The Region, through the Forestas agency, is committed to bridging the "gap" in trails "for all" – those accessible also to hikers with disabilities, whether they are physical-motor, sensory, or of the psychic-cognitive-relational sphere (such as autism spectrum disorders: conditions in which hikers have difficulty establishing normal social relationships, use language abnormally or do not speak at all, and exhibit limited and repetitive behaviors, hypersensitive to external agents, noise, spaces, and unforeseen situations).
Regional Law has long provided – since its extension in 2017 (Consolidated Tourism Act) – that the hiking network offers an adequate degree of autonomous or assisted accessibility for physical and sensory disabilities.
More recently, with Regional Council Resolution of August 24, 2023, No. 28/1, the criteria and technical standards were approved: to include and classify in the RES cadastre – and for informational signage on the level and degree of accessibility (autonomous or assisted) – trails accessible for motor, sensory, intellectual, and psychic disabilities. The approved Annex H integrates the pre-existing regional technical regulation from 2018.
Designing trails "for all" means emphasizing that hiking cannot involve trails "reserved for..." but must be conceived as an open, documented, and designed accessibility system to allow – where possible – the sharing of outdoor experiences and activities. Especially in the system of regional parks and state-owned forests, and in urban parks. The activity of Forestas and the Sardinian Region will also focus on these areas.
Designing with Inclusion
The first thing to do is to "empathize" to understand the "special needs." Study the use cases. Understand the needs. Involve stakeholders, who, in fact, in the new regional regulation, will be entitled to express a binding opinion in the verification of the registrability of "accessible" routes.

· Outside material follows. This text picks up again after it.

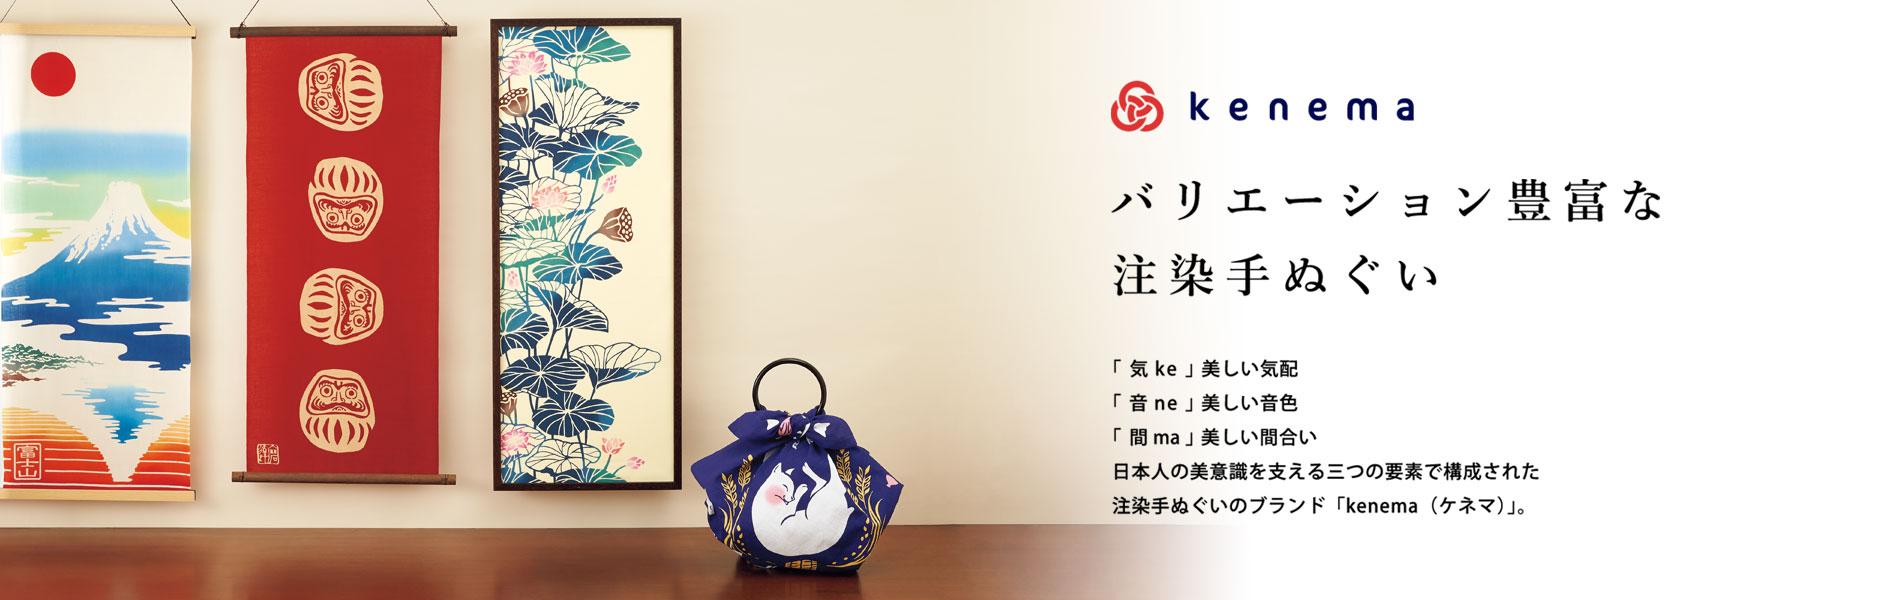 kenema 気音間 トップイメージ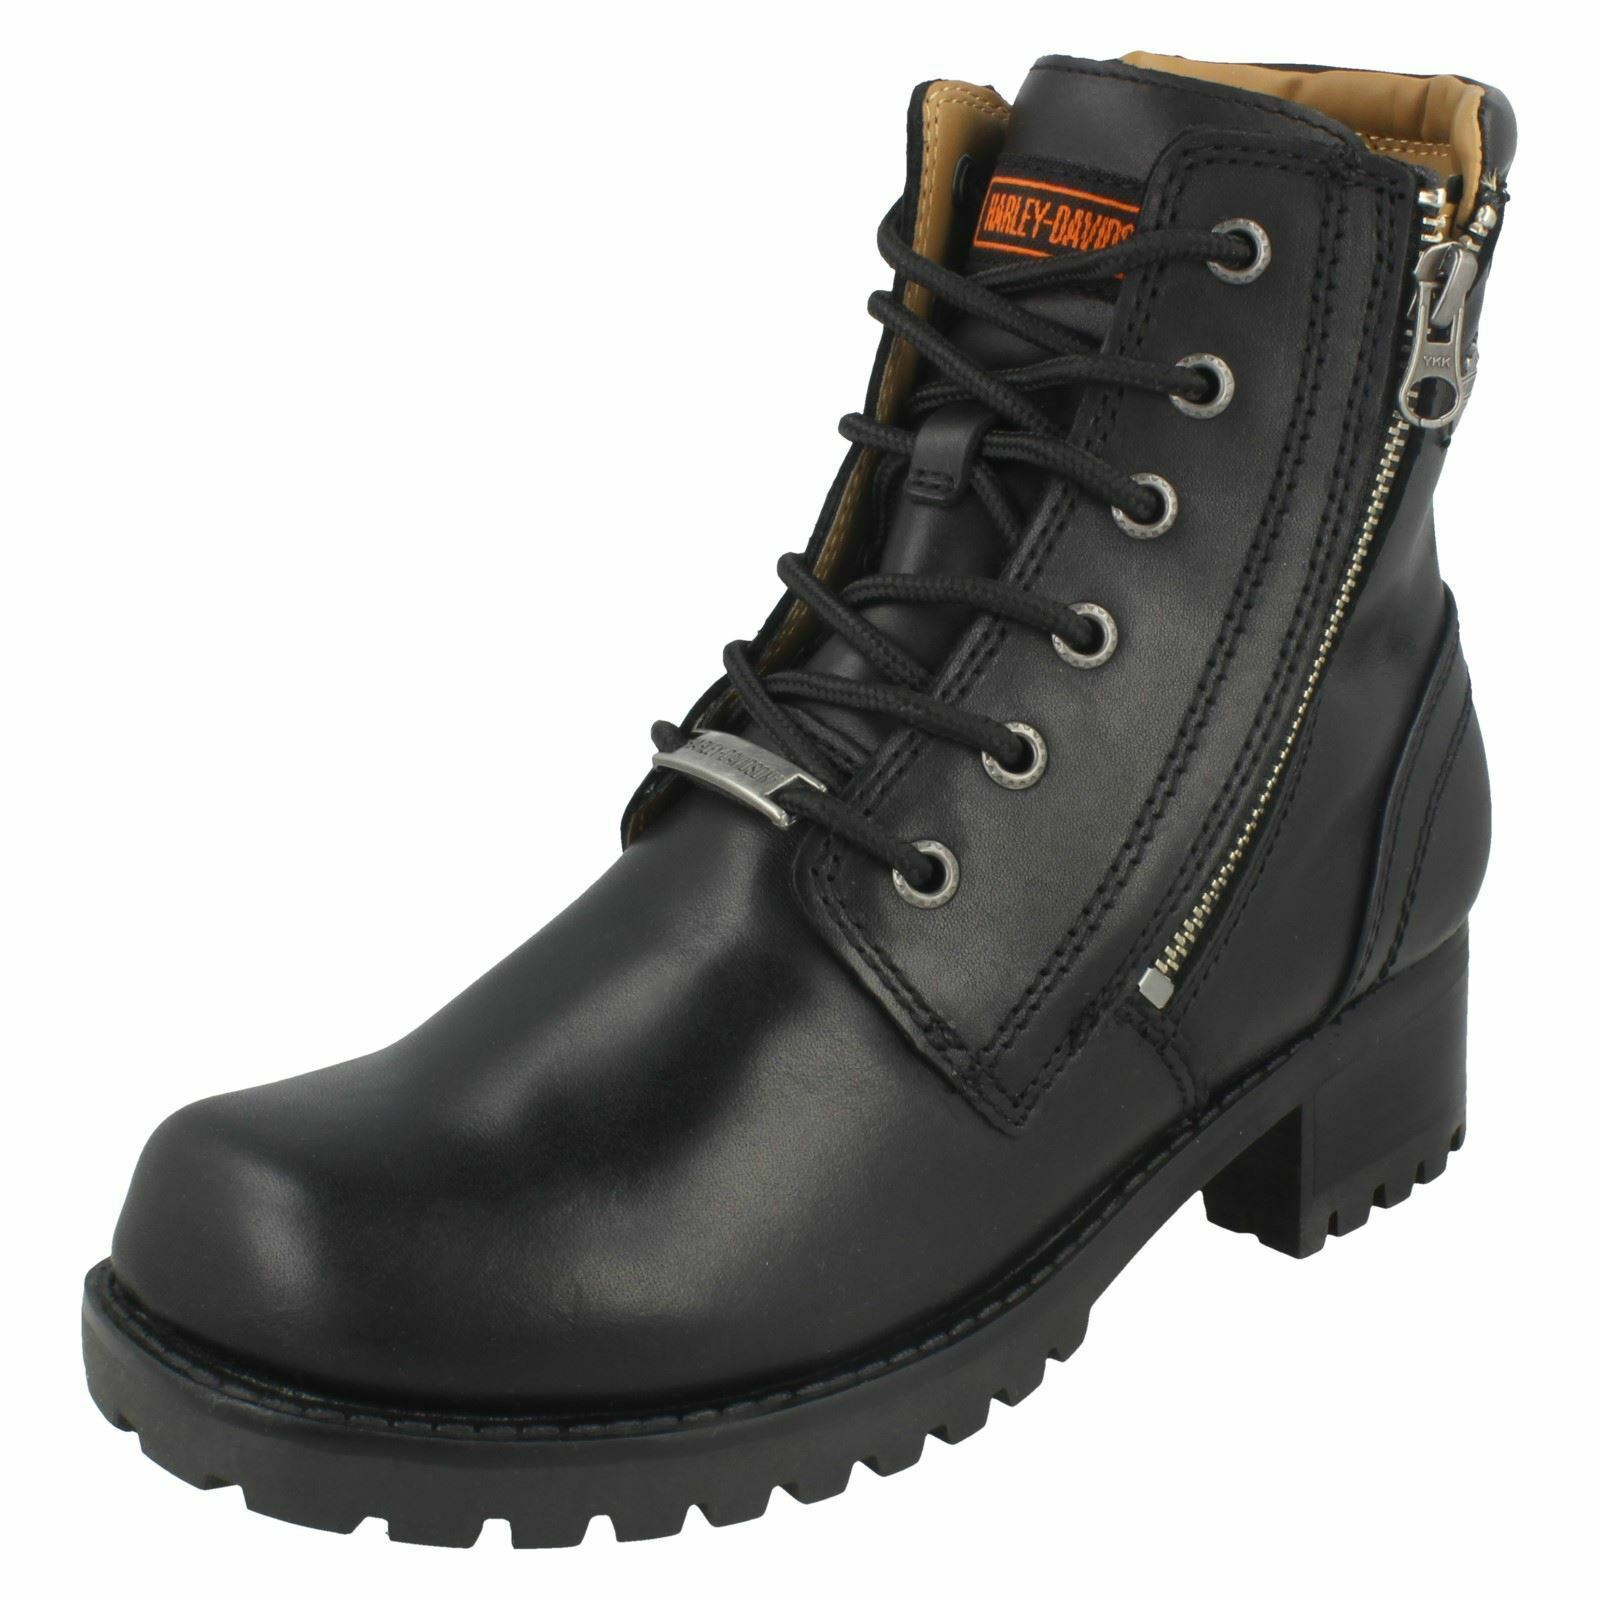 Grandes zapatos con descuento HAELEY DAVIDSON ASHER LADIES LACE ZIP BLOCK HEEL BLACK CASUAL BIKER ANKLE BOOTS

In the current context, the path to equip Sardinia with accessible trails will follow two differentiated strategies:
- on the one hand, act on the existing hiking network (now almost 2000 km) and identify some trails (or sections thereof, compatible with the minimum necessary characteristics) to "elevate them to the rank of accessible trail" according to one or more categories (accessibility for physical, sensory, cognitive disabilities) and identifying a specific degree of difficulty (tourist, hiking, hiking for "experts"). The table of technical requirements established by Annex H in this regard is quite detailed: for example, it sets precise requirements for slope, type and work on the bottom (walking surface) and width, the presence of accessible parking and bathrooms in the vicinity, etc... This obviously limits and greatly restricts the type and quantity of kilometers "certifiable."
- on the other hand, in the meantime, we will try to incorporate, for newly built trails, for new projects, the techniques of "Design For All" or "Universal Design" precisely because it is at the birth of a project that its level of "inclusion" is played. It will not be easy, nor will it always be possible, but the approach will have to change.
Higher Costs, Demanding Maintenance
The cost system, the calculation, the "toolbox" of trail designers: these aspects also change. We have seen, during the technical sessions of the co-design of this important "accessible design" week – that an accessible trail project introduces a series of costs otherwise not present in normal trails: the cost can "fly" going from €1500/km to reach, all included, €7000/km. These are technical estimates resulting from the first preliminary projects and the first feasibility studies, however, they are significant: an accessible trail for blind or visually impaired people, for example, requires a pole line with rope guide or stick-beating poles (for example) that longitudinally affects the entire development of the route introducing €4000-5000 per kilometer of minimum additional costs.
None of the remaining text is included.